I would wait until two. However, I have had two very active dogs who wound up with OCD due to over activity (not specifically jumping-they were just very active boys). 

I don't do any serious jumping (over 4-6") or allow my dogs to jump out of a vehicle until their bones have matured, usually by 2 years of age. I still don't allow them to jump out of the vehicle without a little support, OCD has been very painful for my dogs, and painful (seeing my babies hurt) and expensive for me.


----------



## DNL2448 (Feb 13, 2009)

Oh, by the way, congratulations on your CD, I, too love Open! Enjoy, and take it easy. Utility is even better!


----------



## Bender (Dec 30, 2008)

I would wait as well, but you can certainly proof everything in open and utility while over the next while. Or consider rally as the next 'game' to work in too.

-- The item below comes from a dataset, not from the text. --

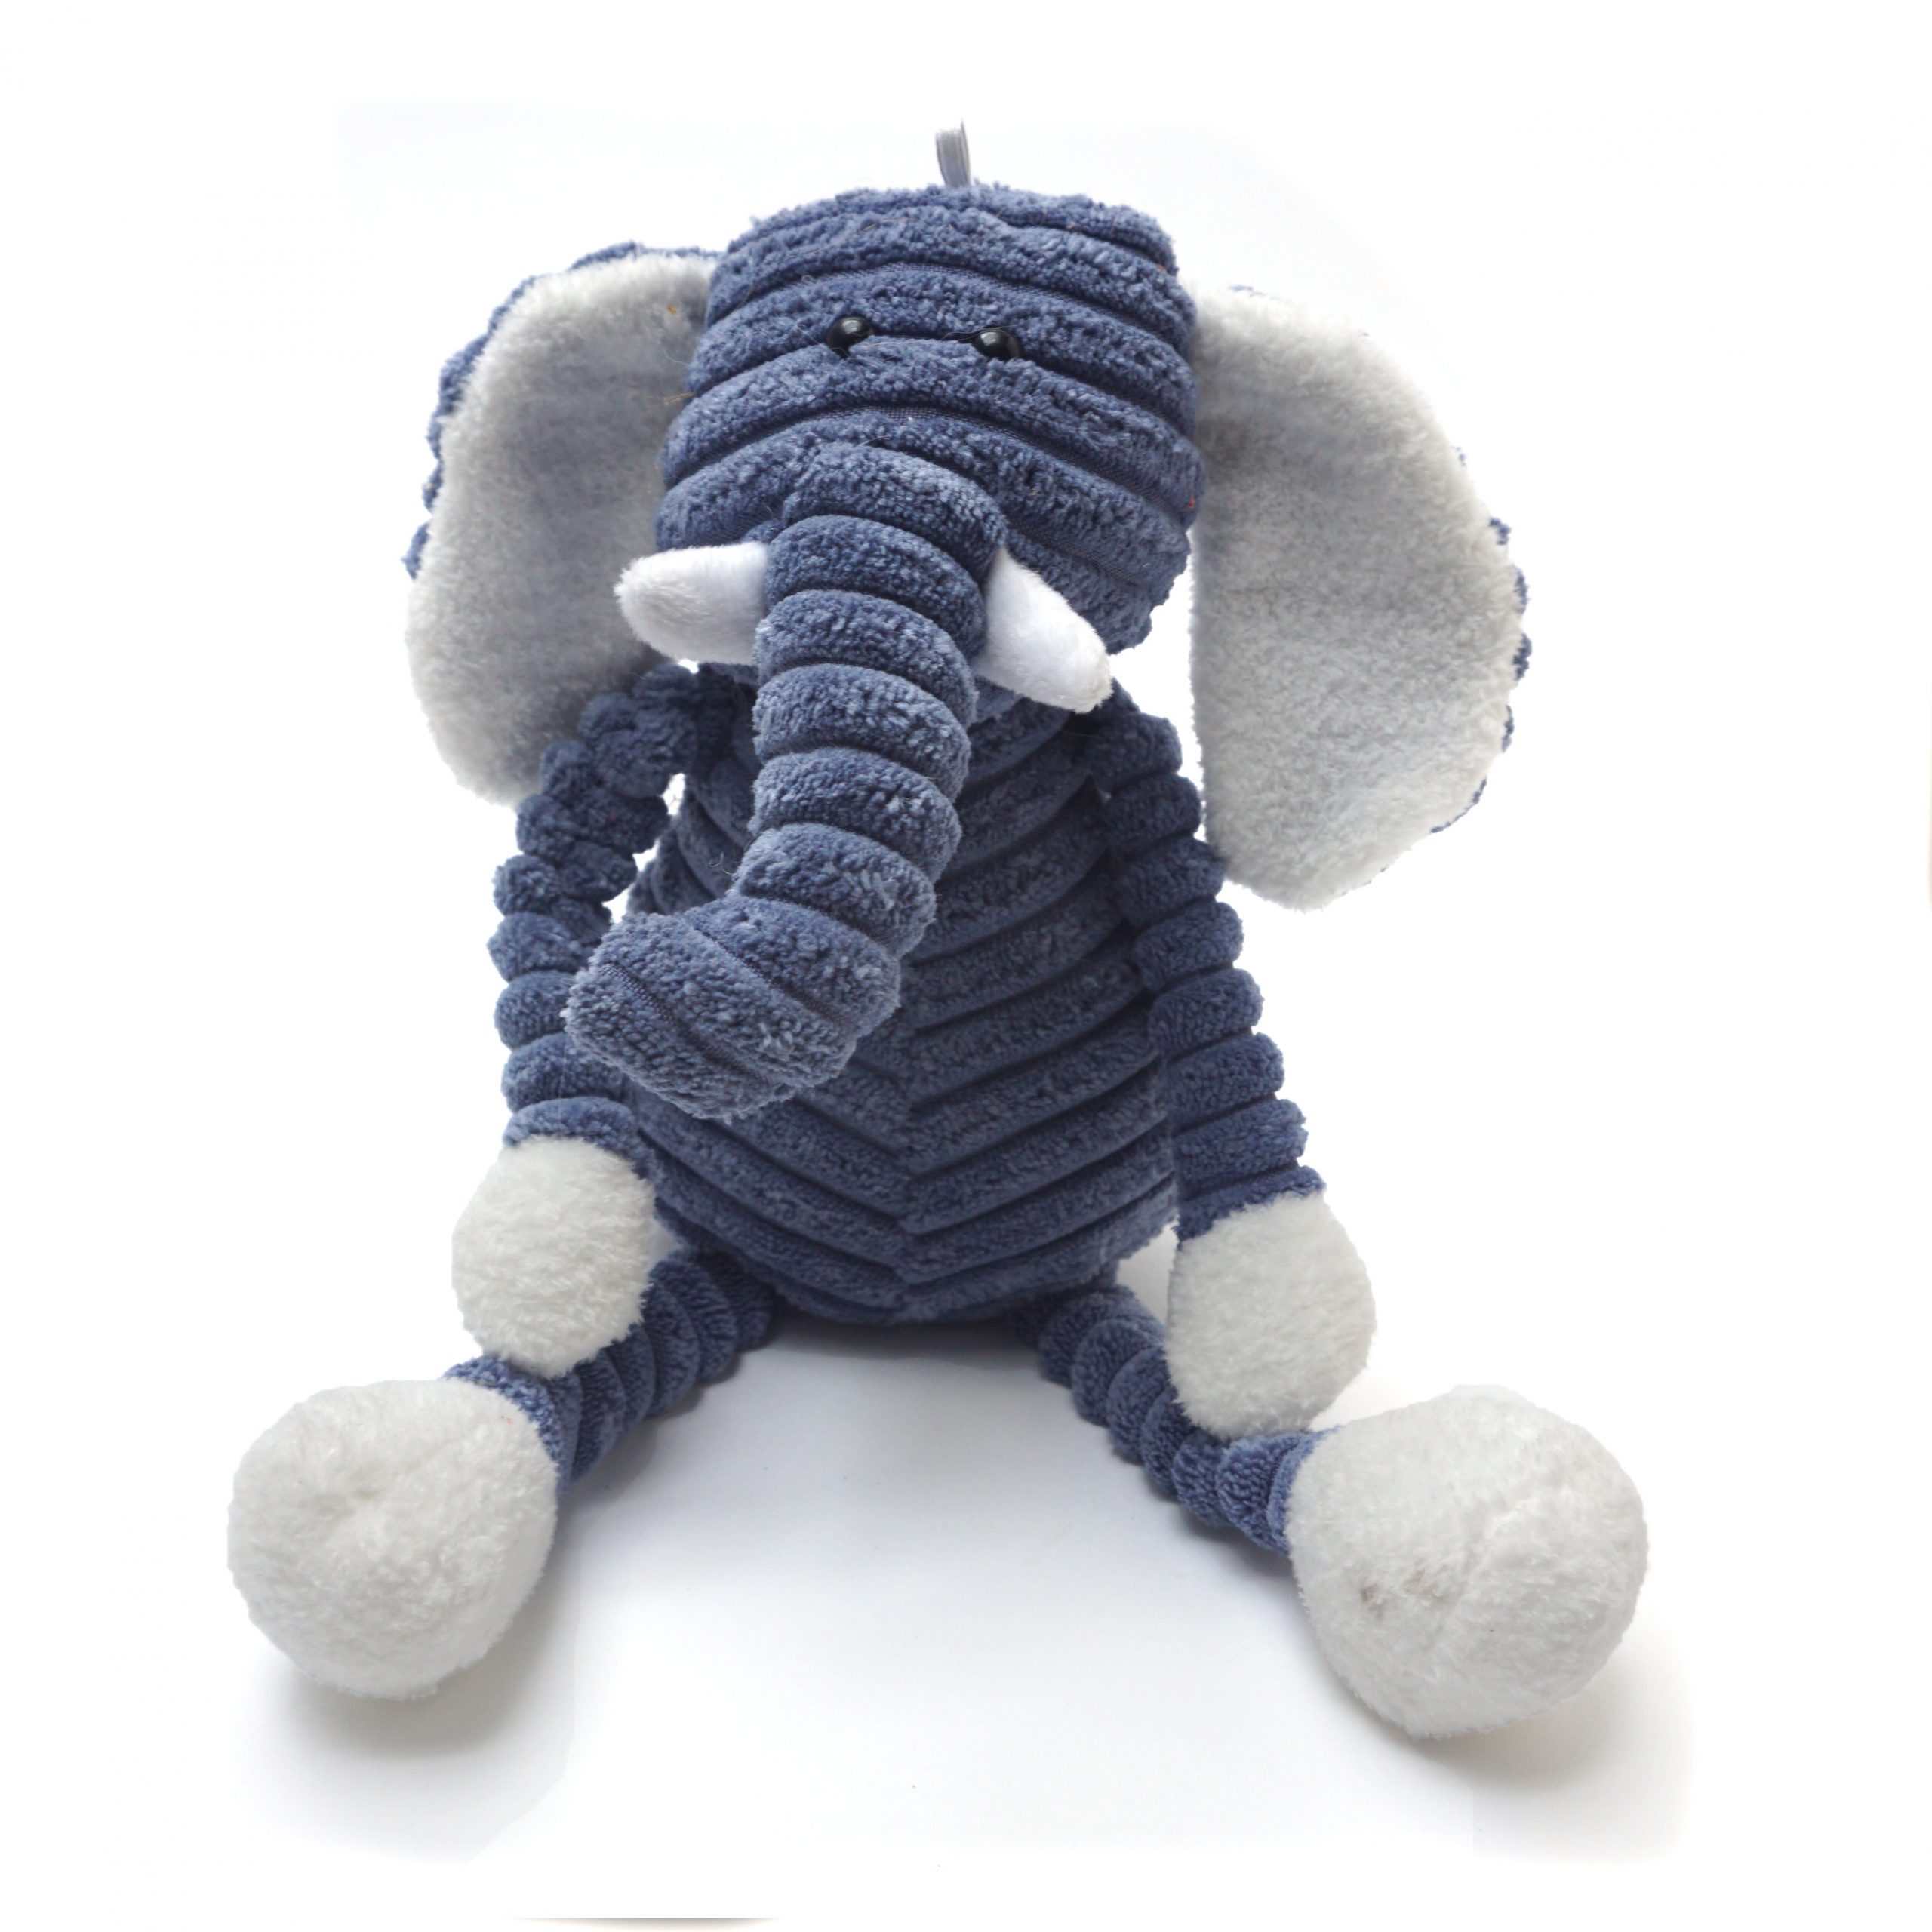 meester Paard privaat Knuffel olifant | Ollie - yanishop.nl Pluche olifant - baby knuffel -

It's not that long to wait to raise the jumps, and then you'll have years to play with him... congrats on the CD!

Lana


----------



## Loisiana (Jul 29, 2009)

My struggle has been trying to keep my puppy from leaping in the air. He loves to leap up as high as he can and slam down on the ground. He usually adds a twist in mid-air, turning it into a flip finish(I suppose he's trying to live up to his name...). Not something I taught him and certainly not something I'm encouraging, but he keeps doing it. Sometimes if he's gotten really high I'll catch him in the air just so he doesn't slam the ground, but I don't want me catching him to make him want to do it more often. I guess it's in his blood...his grandmother was known for jumping the six foot kennel runs and his father moved like he had springs attached to his feet.


----------



## AmberSunrise (Apr 1, 2009)

Congratulations on earning your CD 

I too wait until my dogs are older before jumping them over 8-12 inches. Usually when they are nearing 2 years I'll start occassionally jumping full height but you know, when working obedience I almost never jump full height in practise (I do in agility though since they are moving naturally). When the jumps heights were 30", I would practise at 20" until the week before a show and now do the same. The height is not the important thing for most dogs, but going through the stanchions is what needs to be understood.

Protect those joints now and you'll hopefully have 10 years or more of jumping to look forward to


----------



## rappwizard (May 27, 2009)

I also appreciate these insights; my inclination with my own golden was to wait until 2 with the jumps--both in agility and obedience.


----------



## IndyDan (May 19, 2009)

Thanks for all the insights ...

Dan


----------